Has the doctrine of the separation of church and state then been somehow violated? Not at all. Scripture in both Old and New Testament teaches that the jurisdictions of the spiritual sword (God’s Word) and the physical sword (civil punishment) are radically separate. The state cannot pronounce binding sentence upon people’s souls—only the church, the body of Christ, preaching Christ’s word can do that. Likewise, the church is absolutely forbidden from pronouncing binding sentence of, or especially executing, coercive punishments—restitution, bondage, corporal, death—for that is the civil government’s unique jurisdiction. Further, the are institutional processes through which each is required to perform its duties. It is the law and the process in each that is important, not so much the office-holder. The same man in one office will be held in check by the process and its laws and bylaws as he will in the other.
There are multiple examples in Scripture of God protecting this institutional separation in various ways (1 Samuel 13:9–15; 1 Kings 12:32–13:5; 2 Kings 16:12; 2 Kings 23:5; 2 Chron 26:16–21). None of these cases however address someone lawfully holding concurrent offices, but rather the unlawful usurpation of another office to which the king(s) had not been first lawfully ordained. In some cases, the punishment involved idolatry which was a departure from the churchly duty even of the lawful king to begin with. So none of these make good examples for anything other than the point that yes, there is a functional separation in jurisdictions between church and state, and God’s law rules both. Again, this says nothing about who may fill the offices lawfully.
The distinction and the boundaries of each institution say absolutely nothing about who may fill the offices in which the functions of those offices, defined as they are, are carried out.4 It only means that whoever fills those offices can only do so within the boundaries designated by the office they are performing at the time. Otherwise, the acts are unlawful.
Thus, the separation of church and state is not absolute. Gary DeMar, in his God and Government, states this best:
While there is a jurisdictional separation between Church and State found in the Bible, there is certainly no absolute separation. Both institutions have a common authority; they are both under God and accountable to His revealed word. The head of the Church is not the State. The head of the State is not the Church. Both institutions have Jesus Christ as their head. The Bible makes it clear that the dominion of Christ includes the area of civil government.5
Were we to make the distinction as absolute as some have claimed, it would prove far too much. Not only would the examples already adduced in Scripture (including Christ himself) be guilty of violations of multiple office-holding, but it would run us into other obvious absurdities. It would bar, or at the very least call into question (depending on the instance), all instances in which a religious or church oath binds one in a covenant outside of the oath of civil office. It would invalidate all chaplaincies, which are by definition both ecclesiastical and civil-state offices. It would bar ordained ministers not only from seats of judgement, but from juries, and since attorneys are technically legal officers of the court, from all practice of law as well. It would also suggest that anyone bound to a local church through a formal church covenant (popular in many circles) would be barred from all civil office as well. This would mean you could not be a member of a Baptist church and a police officer at the same time. It may even entail that one could not perform a civil office after having taken a formal marital oath. Thus, we could not function as husbands and civil officers at the same time (many wives would approve of this, btw!)

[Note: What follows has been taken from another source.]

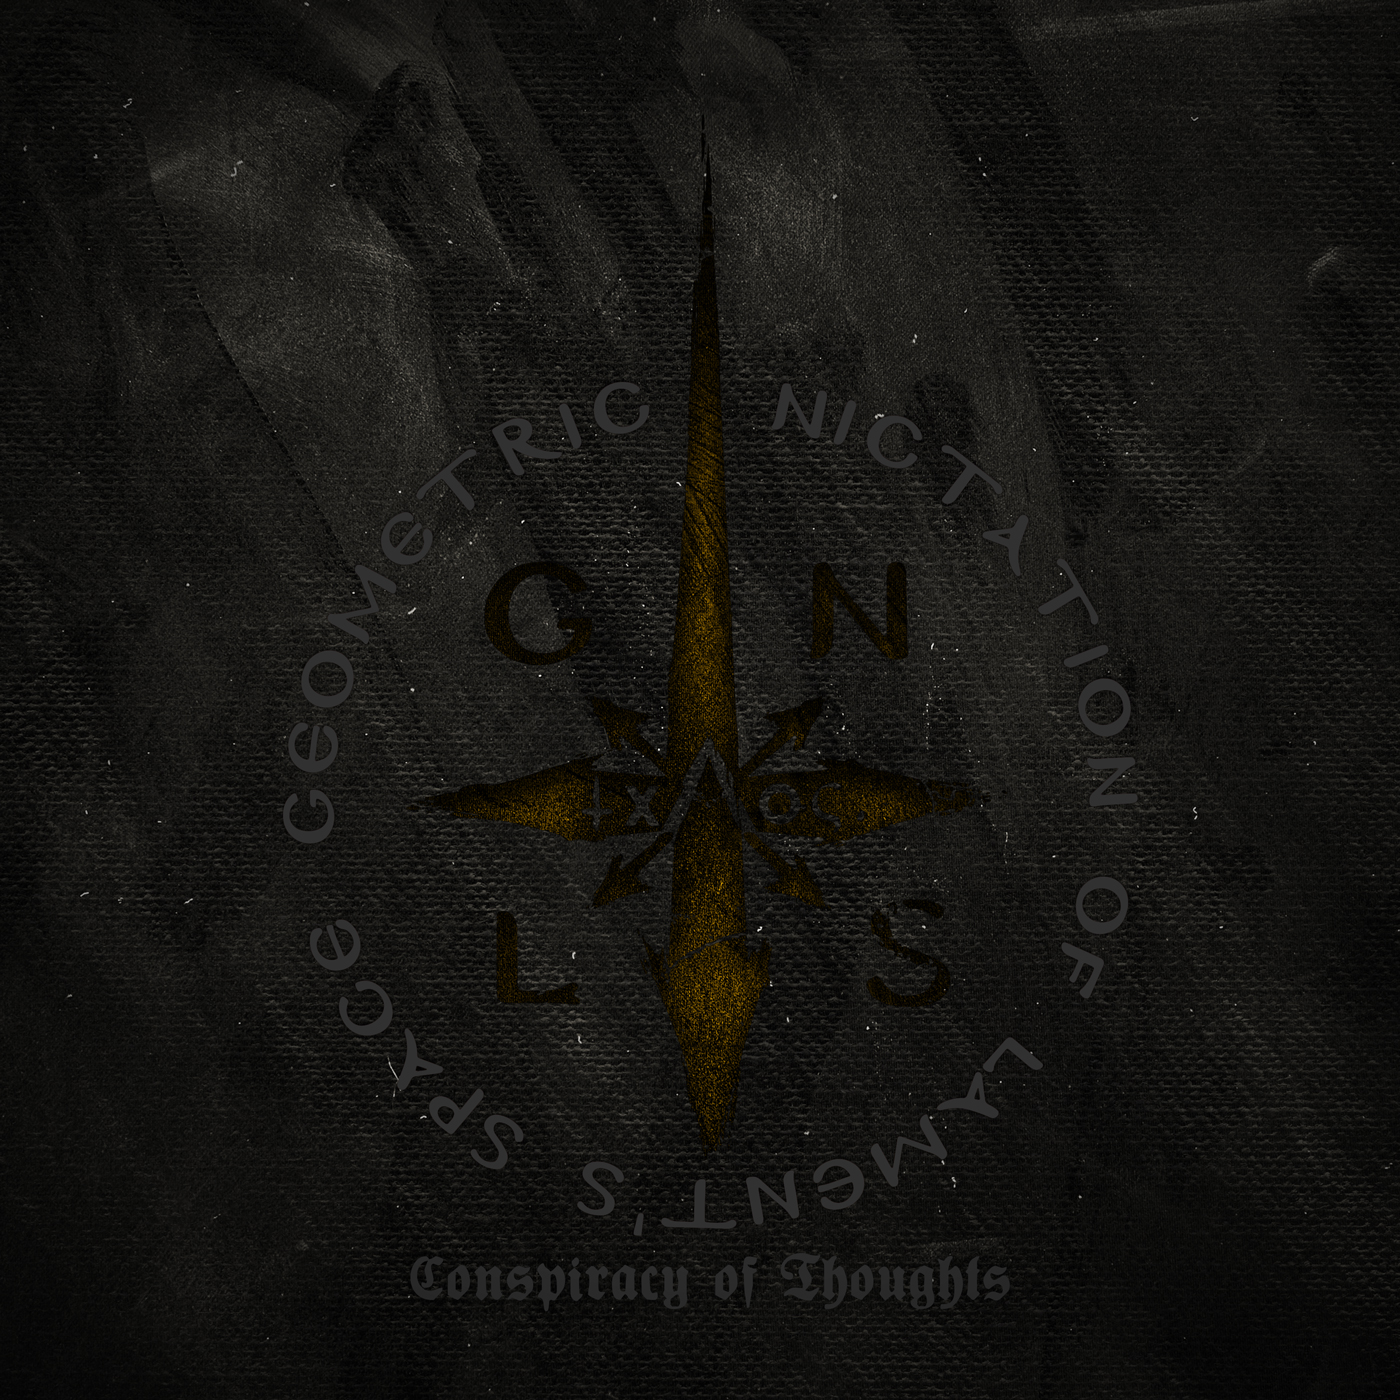 G.N.L.S. (Geometric Nictation of Lament’s Space) – Conspiracy of Thoughts

All of these angles are patent absurdities, of course, and further elucidation and clarification could potentially mitigate some of them. But they are all logical deductions from the same type of thinking that puts a blanket prohibition on an ordained minister serving in a civil capacity. Likewise, the same arguments that expose the weakness in these absurdities also expose the fallacies in barring deacons, elders, bishops, pastors, etc., from civil offices.
While there is no Scriptural prohibition against holding both ecclesiastical office and civil office concurrently, there could very well be tremendous practical impediments that would render the practice unwise or even injurious. Is he actively pastoring a flock? Is it large and/or demanding? What civil office exactly is he pursuing? What are the practical time-demands of the office. Some offices only require part-time efforts. Some, like President or Governor, for example, are all-consuming. Can even a talented man practically fulfill the demands of heading an executive branch while also tending a flock? If so, how will the change in workload be managed? But these are simply logistical questions that must be addressed by any such individual.
The only real, practical question then is whether the person seeking to hold multiple offices concurrently is fit for it. Are they of the reputation and character to know the distinction between each sphere, to maintain it, and to act according to the boundaries of the relevant jurisdiction at the appropriate times and places. For any man who is truly qualified for either office, that’s actually quite simple.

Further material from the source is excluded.